TASK INSTRUCTIONS
Would you please repeat the lines in the listing below from the one containing "圖左:重要文化財產 石川豐信的「花下美人」 大大判" through the final one, exactly as they appear?

RECORDS SHOWN
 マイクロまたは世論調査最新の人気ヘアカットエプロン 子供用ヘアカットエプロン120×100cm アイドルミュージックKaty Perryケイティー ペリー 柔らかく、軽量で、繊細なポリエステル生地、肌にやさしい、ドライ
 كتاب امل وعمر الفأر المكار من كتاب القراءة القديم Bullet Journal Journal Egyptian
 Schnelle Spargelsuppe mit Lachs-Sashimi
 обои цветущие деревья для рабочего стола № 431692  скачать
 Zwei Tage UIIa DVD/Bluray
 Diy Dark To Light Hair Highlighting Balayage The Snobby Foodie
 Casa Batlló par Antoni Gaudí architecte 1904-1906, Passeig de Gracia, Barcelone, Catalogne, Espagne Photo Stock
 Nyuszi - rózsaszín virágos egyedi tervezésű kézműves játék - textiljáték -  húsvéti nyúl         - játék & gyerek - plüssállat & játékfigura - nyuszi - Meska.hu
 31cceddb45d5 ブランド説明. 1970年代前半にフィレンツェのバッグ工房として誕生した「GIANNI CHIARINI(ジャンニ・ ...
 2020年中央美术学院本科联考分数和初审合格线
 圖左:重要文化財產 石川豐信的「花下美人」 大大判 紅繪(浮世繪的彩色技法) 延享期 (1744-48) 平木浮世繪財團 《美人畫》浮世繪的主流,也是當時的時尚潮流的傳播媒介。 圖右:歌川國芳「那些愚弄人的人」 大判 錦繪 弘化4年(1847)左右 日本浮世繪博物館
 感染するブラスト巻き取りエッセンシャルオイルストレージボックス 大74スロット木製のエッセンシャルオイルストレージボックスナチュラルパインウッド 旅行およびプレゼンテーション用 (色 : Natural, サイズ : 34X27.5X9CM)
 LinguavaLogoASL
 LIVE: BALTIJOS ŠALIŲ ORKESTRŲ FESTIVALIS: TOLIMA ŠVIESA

SOLUTION
 圖左:重要文化財產 石川豐信的「花下美人」 大大判 紅繪(浮世繪的彩色技法) 延享期 (1744-48) 平木浮世繪財團 《美人畫》浮世繪的主流,也是當時的時尚潮流的傳播媒介。 圖右:歌川國芳「那些愚弄人的人」 大判 錦繪 弘化4年(1847)左右 日本浮世繪博物館
 感染するブラスト巻き取りエッセンシャルオイルストレージボックス 大74スロット木製のエッセンシャルオイルストレージボックスナチュラルパインウッド 旅行およびプレゼンテーション用 (色 : Natural, サイズ : 34X27.5X9CM)
 LinguavaLogoASL
 LIVE: BALTIJOS ŠALIŲ ORKESTRŲ FESTIVALIS: TOLIMA ŠVIESA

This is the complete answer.